Following a challenging first year in coaching, 2018 would throw further obstacles Forster’s way.
‘Haven battled financial difficulties throughout the year and were dependent on a crowd-funding campaign, which raised £60,000, to keep the club afloat.
A failed takeover bid caused further disruption.
“2018 was really tough. We lost a number of important players from the previous year.
“We were just going about our business as usual, as that’s what we get paid to do, but something just wasn’t quite right, so I asked a few questions and then reality hit home.
“As we were pushing for the play-off spots, with about ten games left of the season, we were told we had three weeks left to find a certain amount of money or we were all out of a job, and we could speak to other clubs.
“It wasn’t great, but the lads stuck together and played for one another which I was very proud of, as it it could have so easily fallen apart.”
In the end, Forster and the club would reach an amicable agreement that would see the two parties go their separate ways for 2019, despite the young coach having a year to run on his contract.
Forster would instead move up a division and continue his career as a player coach with Rochdale, where another mammoth challenge would await.
Just two victories in 12 games, including just one win in the league, hammered home the size of the task at Spotland.
“We couldn’t recruit like other Championship clubs due to our financial restrictions, but I thought we got a decent team on the field.
“We had a few issues, but it was just something that didn’t work out. However, I do believe that given time, and with what we were working on behind closed doors as a playing group, we had enough to turn it around.
“But in sport I suppose you don’t get that time anymore.”
Two weeks later, Forster had gone full circle and was back at ‘Haven, although he wasn’t short of options elsewhere in the third tier.
He revealed: “I spoke to the majority of League 1 clubs.
“But I’d had a tough few months and I just wanted to get back to enjoying my rugby, and I knew that would happy at the Rec.
“I always hated the fact I never left the club on my own terms, and I didn’t want to leave at the end of 2018, so that was something that always got to me.
“The chance to come back and get the club back to where it was when I first pulled the shirt on was something I was keen to do, as well as eventually being able to leave the club on my own terms.”
Forster’s return would be a happy one and 2017 ended with a return to the Championship and the club lifting only the second major trophy in its history.
And though he insists the move to ‘Haven was only ever intended to be short-term, he admits that some doubt lingered.
“In my own head I was always going to leave.
“It was always a short-term thing but, as we were winning games and the enjoyment of rugby was coming back, I did feel myself questioning my decision.
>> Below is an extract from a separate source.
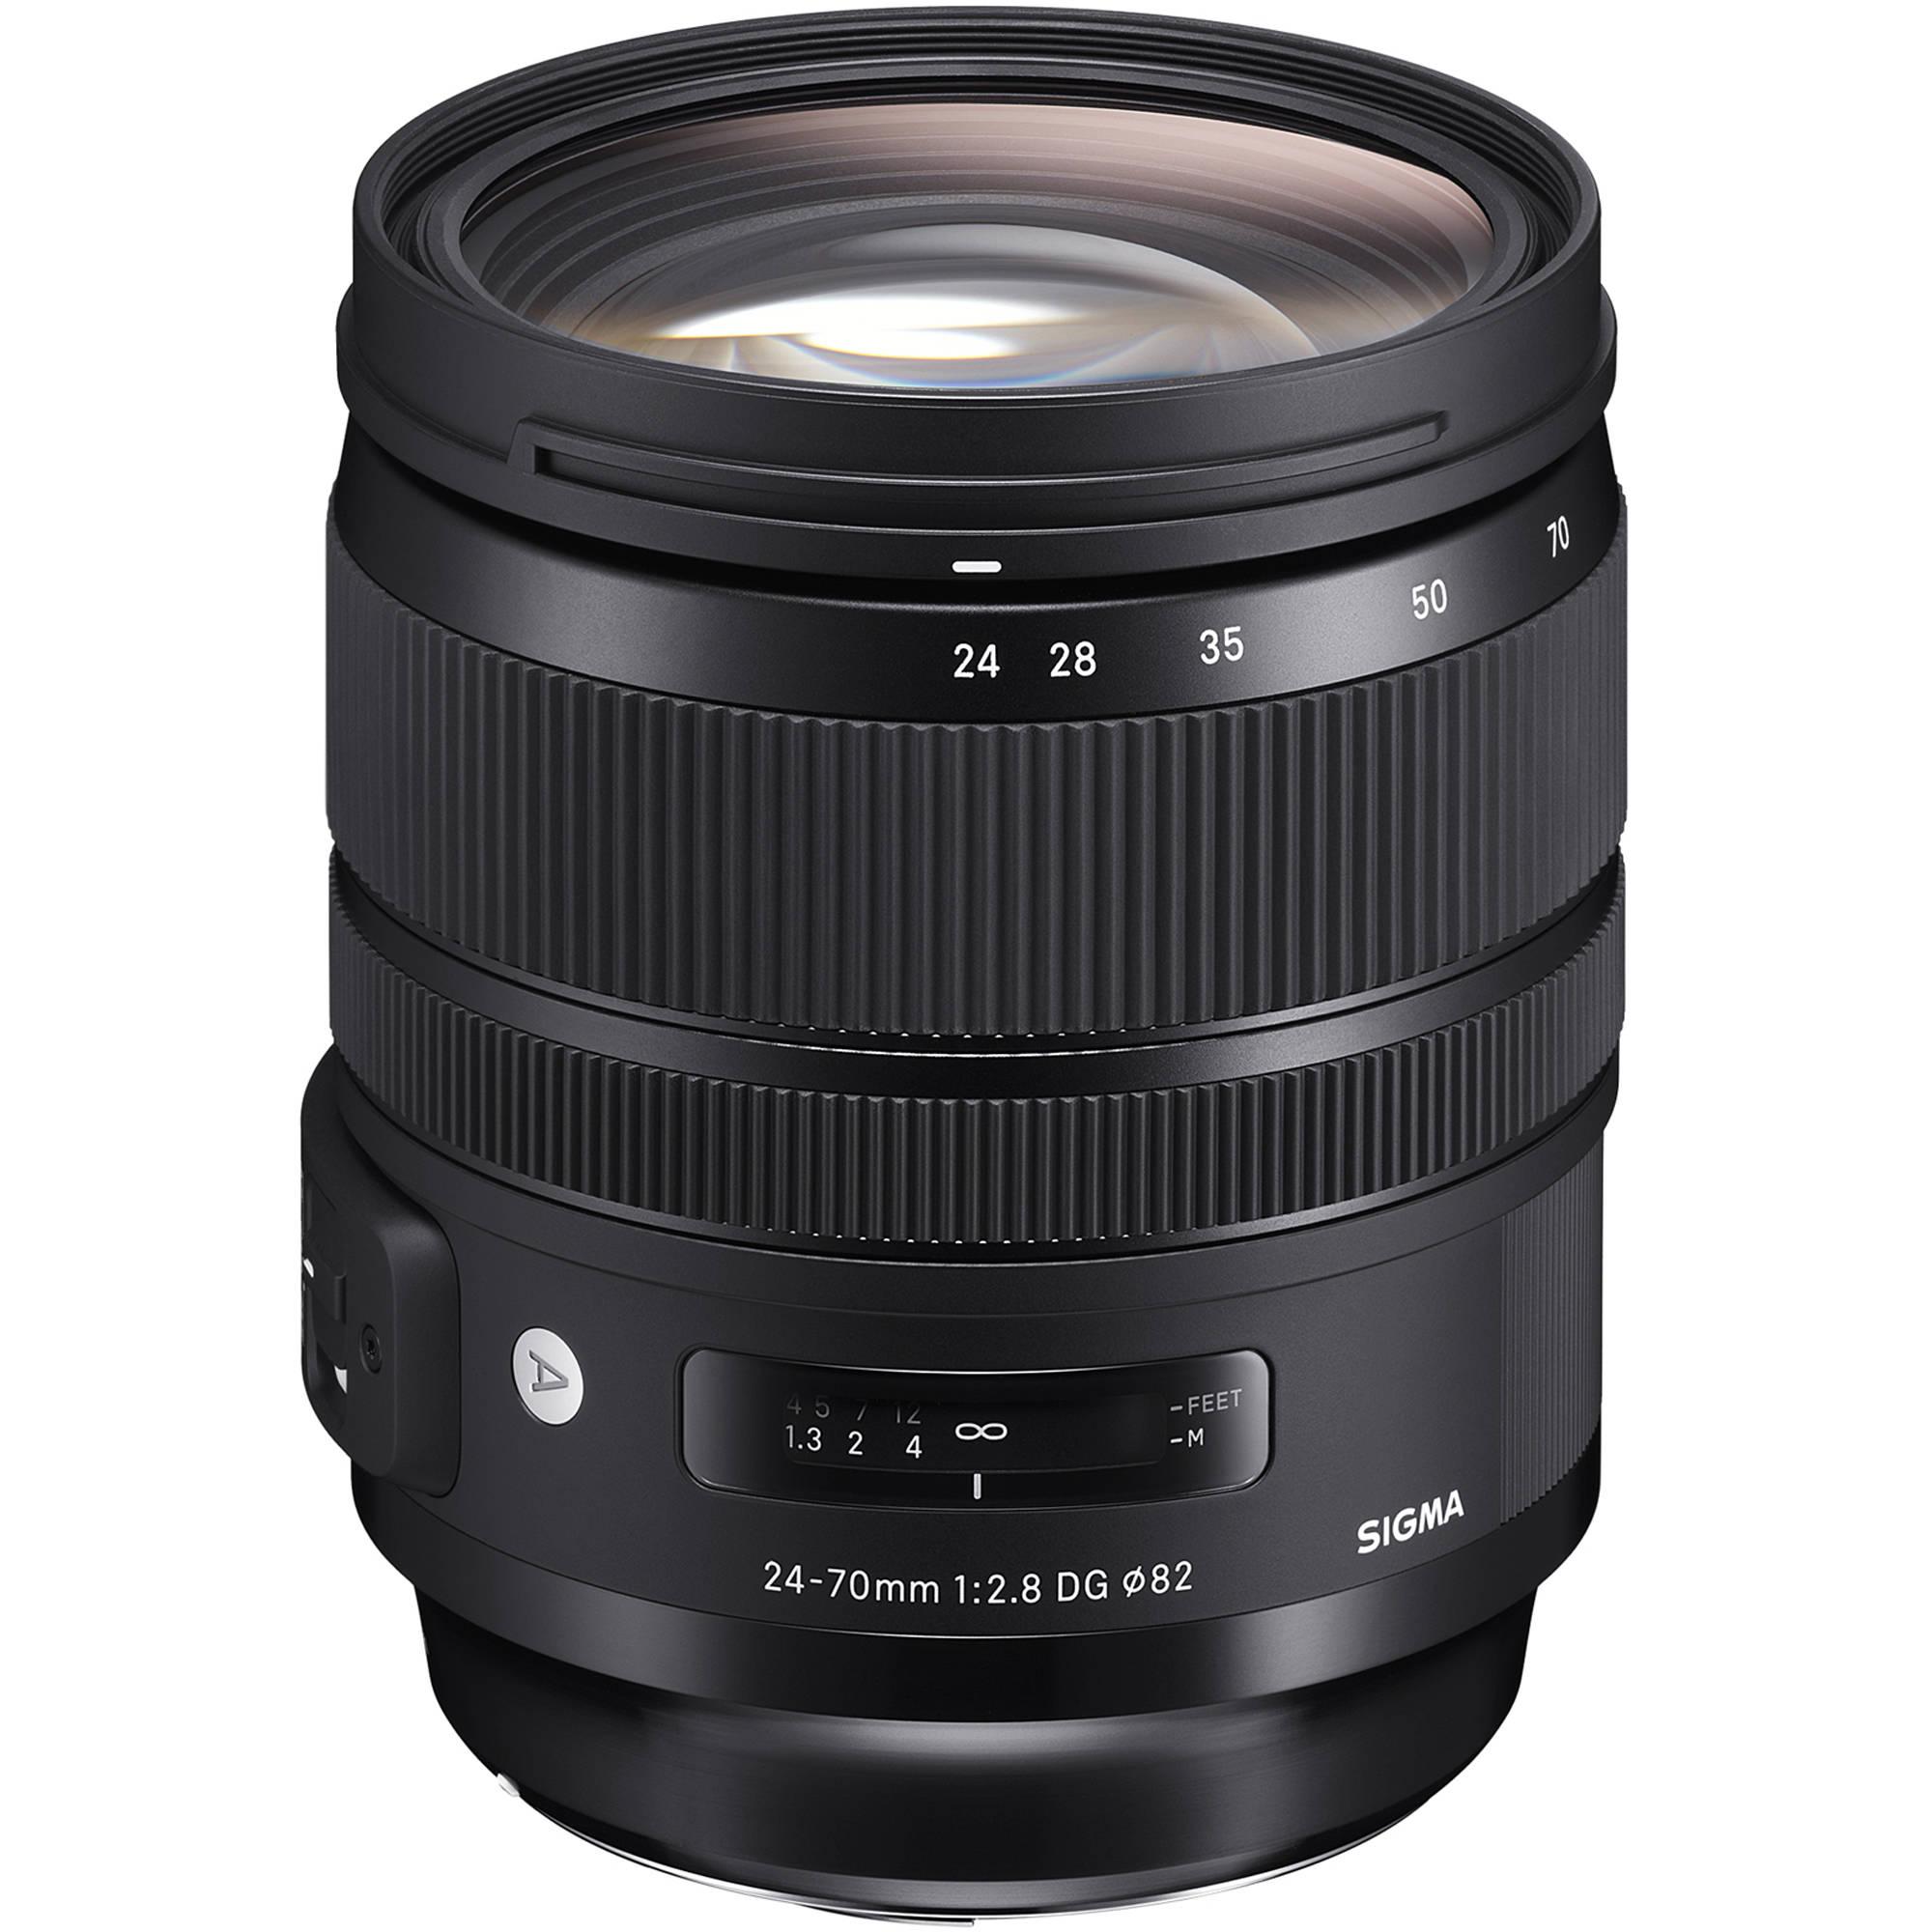 Nikon Sigma Art 24-70mm f/2.8 -
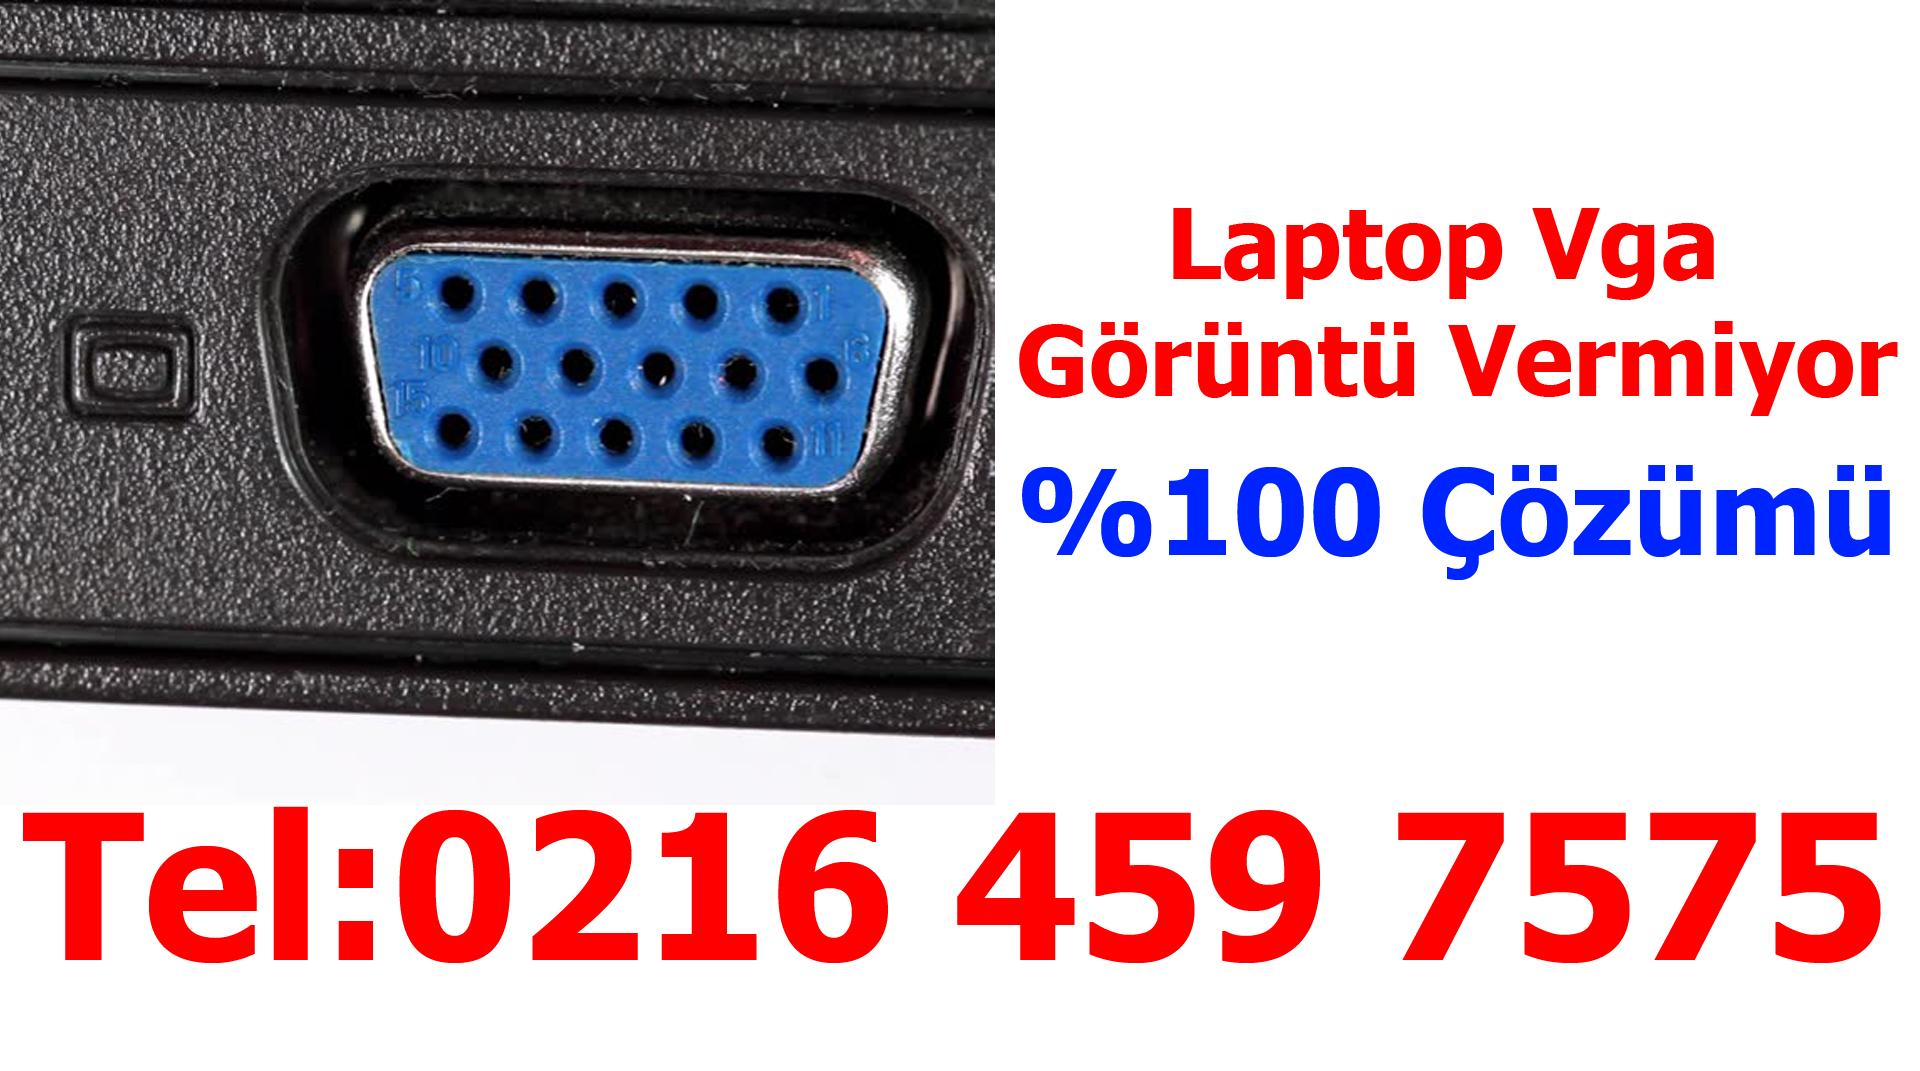 Laptop Vga Görüntü Vermiyor !! Çalışmıyor

“It was hard to walk away after being a part of what was happening and the feel-good factor around the club, but I had to trust my original decision and move on.”
Forster will remain in Cumbria for 2020 after agreeing to join Barrow, who effectively swap places with ‘Haven for this year.
“I have cut my travelling down at least two hours each training session and I already knew a few lads there that spoke really highly of the club.
“I’ve much respect for Cresta [Paul Crarey], we had some good battles as coaches and I’m hoping to learn from him.
“I won’t lie, I really miss the coaching, but I’ve grown to accept that I’m just part of the playing group.
“I need to keep learning from different people and hopefully in the future I can use for my benefit.”
And though he has already experienced no shortage of adversity as a player and a coach, Forster admits that 2020 could represent his toughest challenge to date.
“I do believe the league will be a lot stronger this year.
“A lot of teams have invested well, Newcastle look really strong and Doncaster have pulled off some real impressive signings, so it’s going to be an interesting year.
“But our aim should be to be right up there and hopefully that’s exactly where we’ll be.”